_WHAT THE TASK REQUIRES_
The listing below has to be output exactly as given, less its pictures.

_RAW DATA_

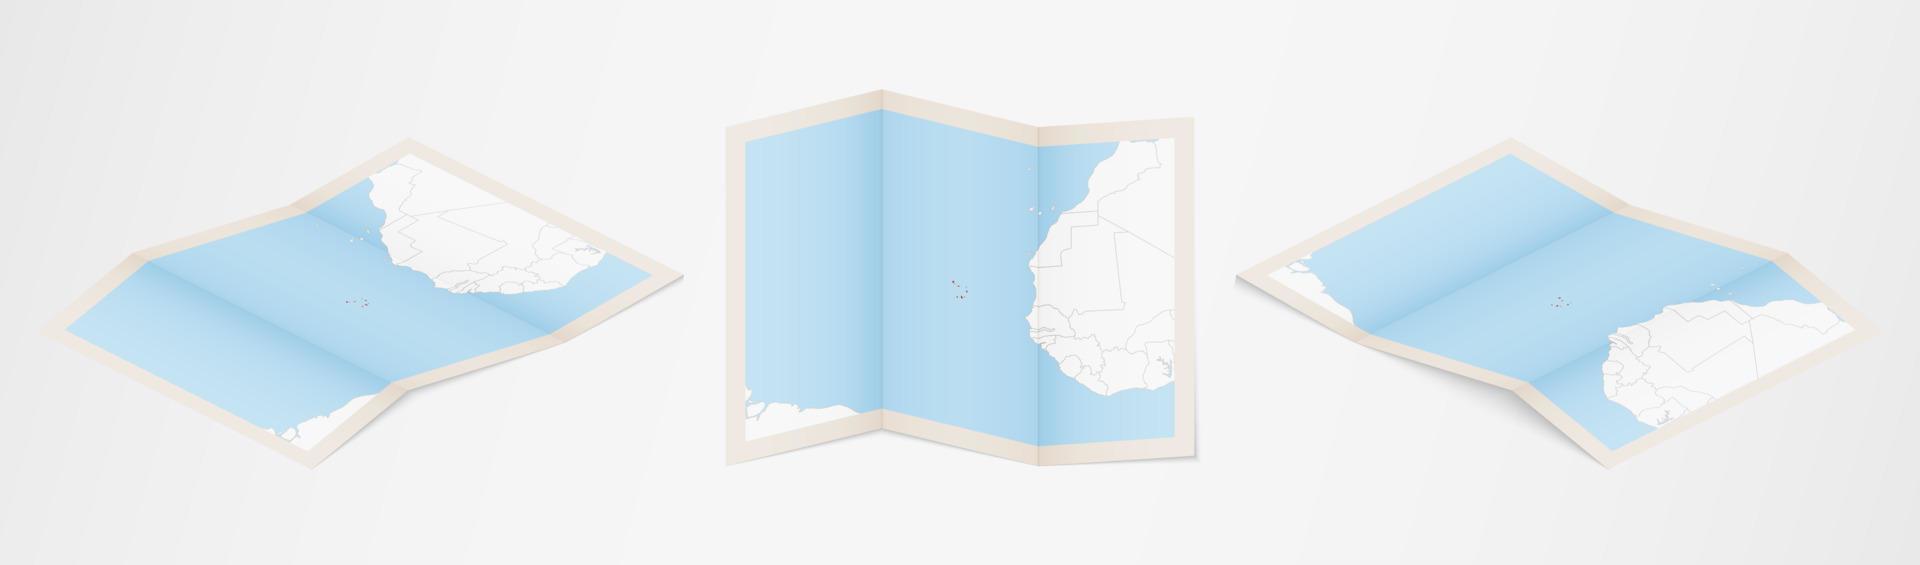 Faltkarte von Kap Verde in drei verschiedenen Versionen. vektor
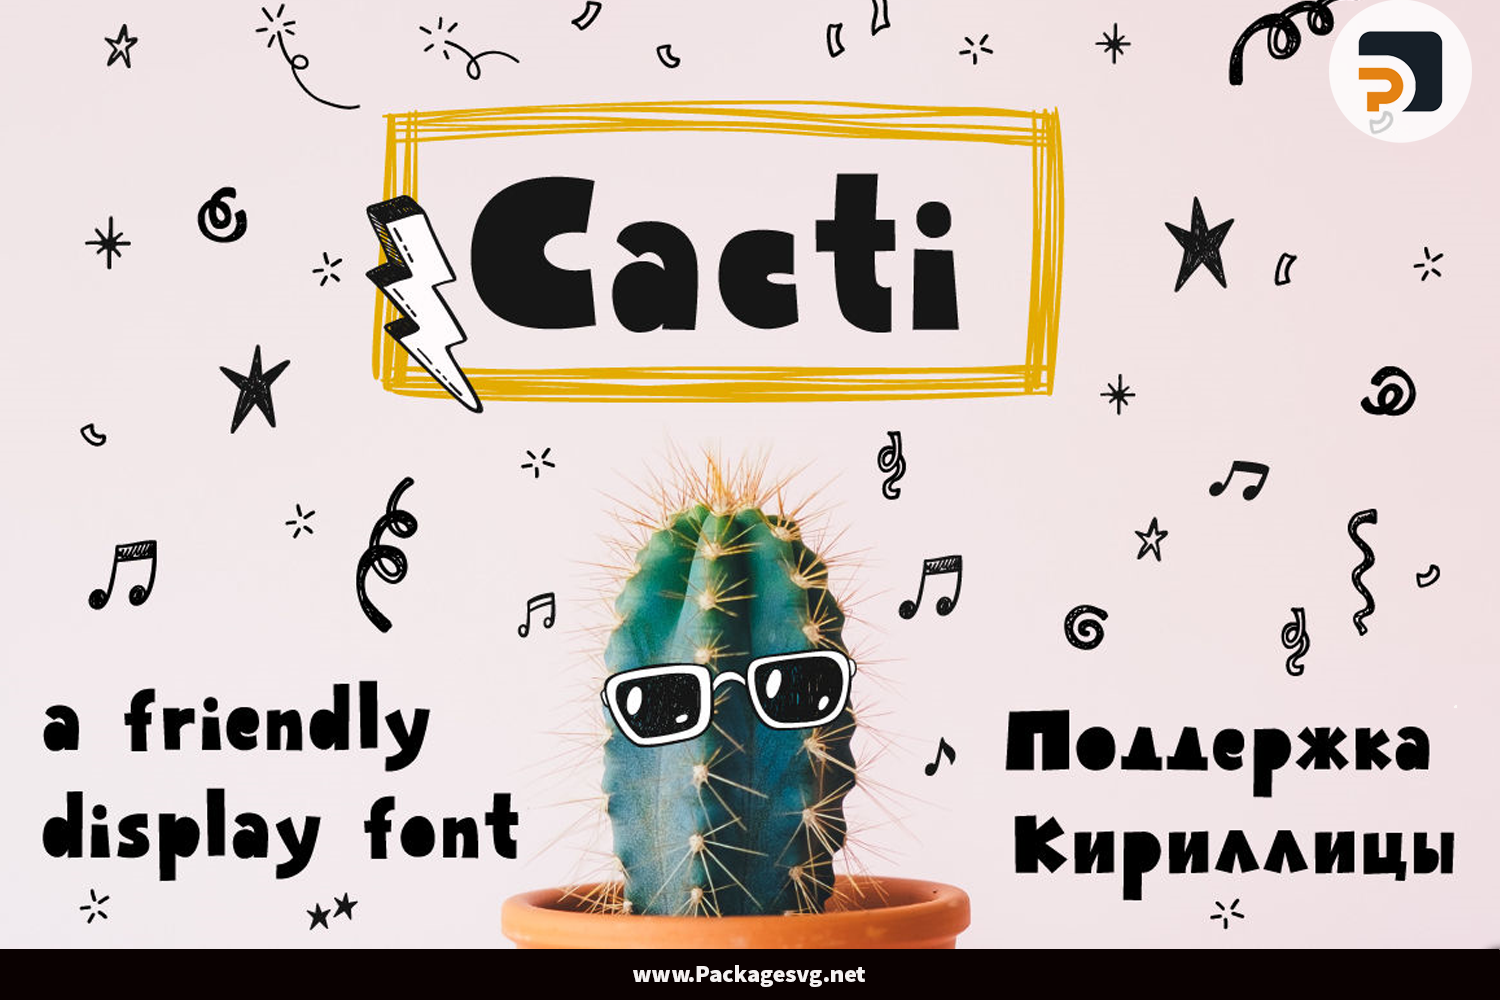 Cacti Display Font
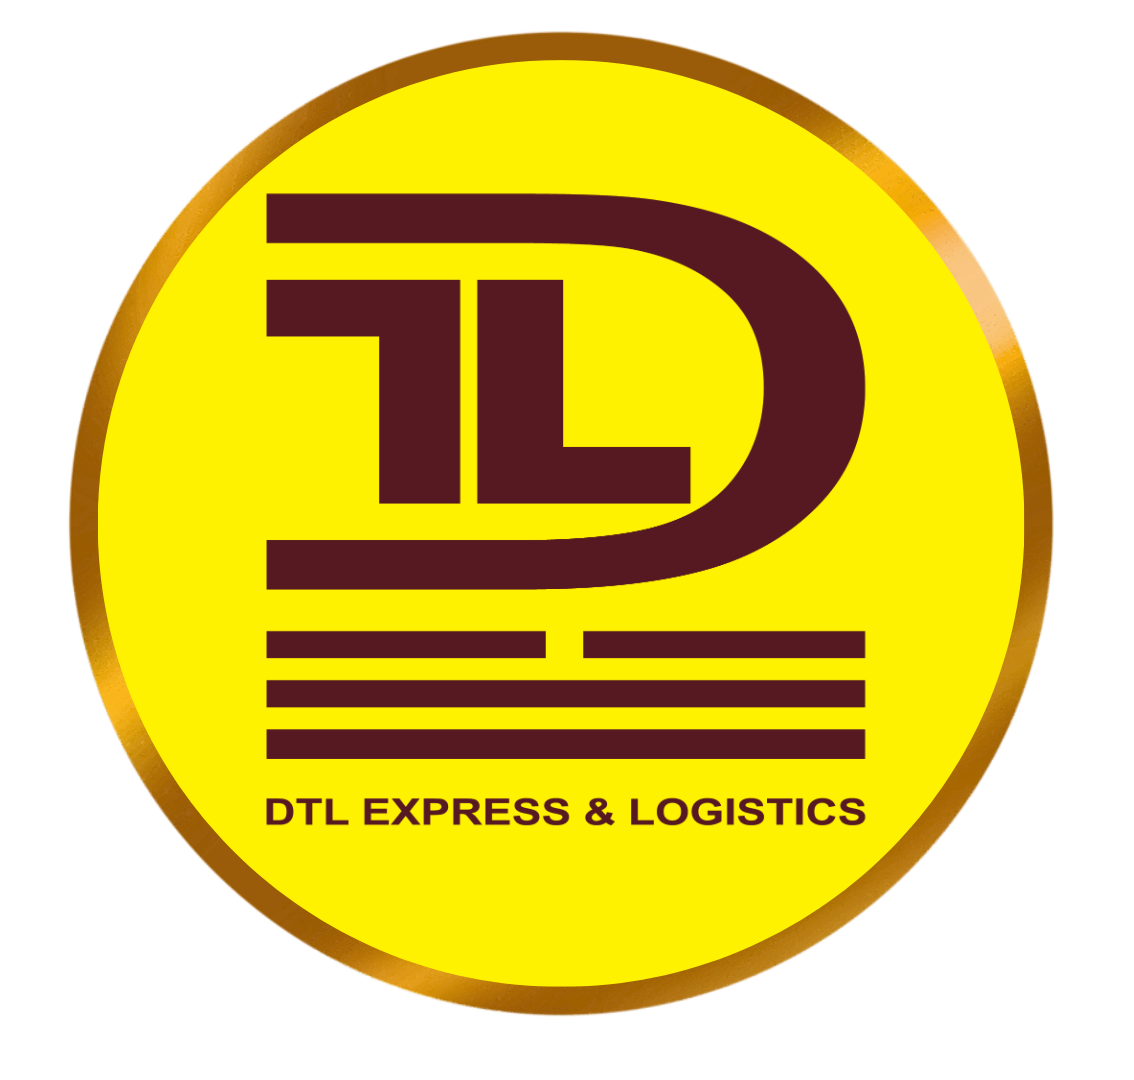 DTL EXPRESS & LOGISTICS logo
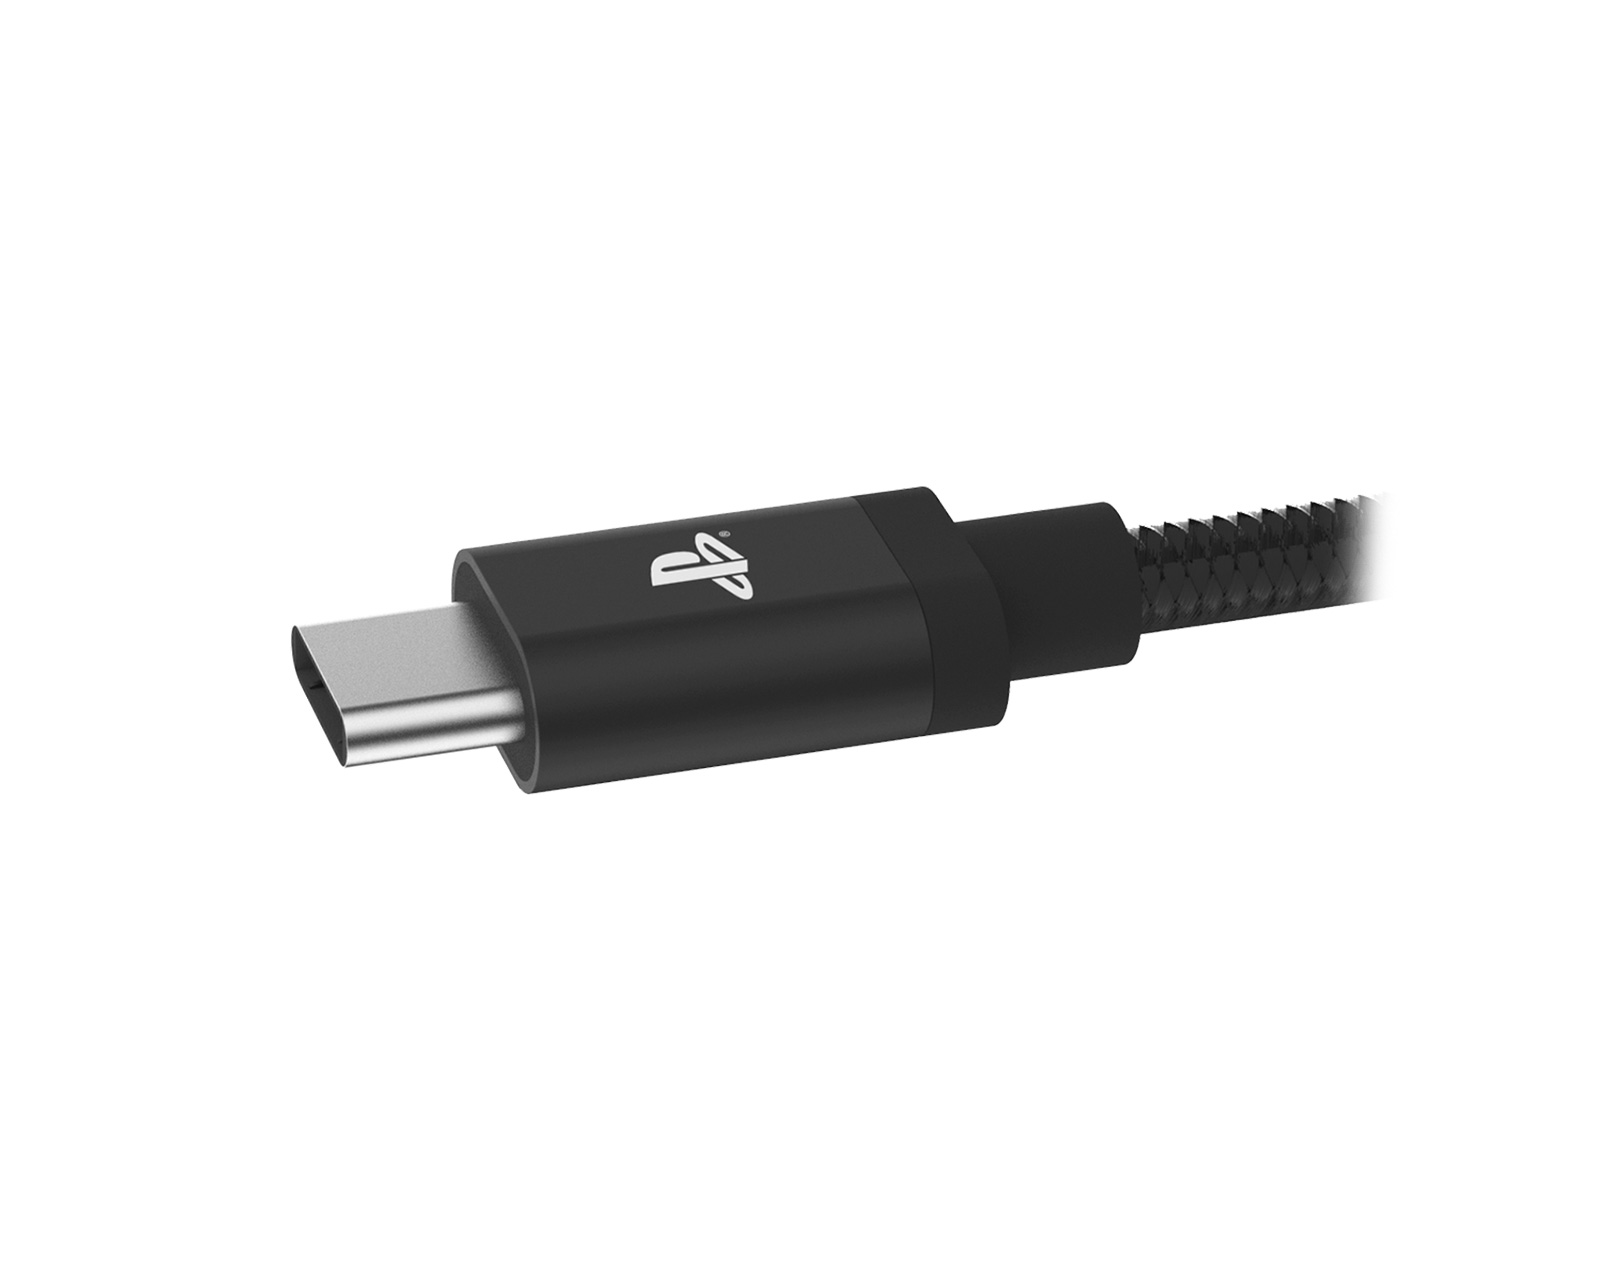 CABLE DE RECHARGE MANETTE DE PS4/XBOXONE/MOBILE (MICRO USB) 3M

_EXERCISE ANSWER_
 Faltkarte von Kap Verde in drei verschiedenen Versionen. vektor
 Cacti Display Font
 DTL EXPRESS & LOGISTICS logo
 CABLE DE RECHARGE MANETTE DE PS4/XBOXONE/MOBILE (MICRO USB) 3M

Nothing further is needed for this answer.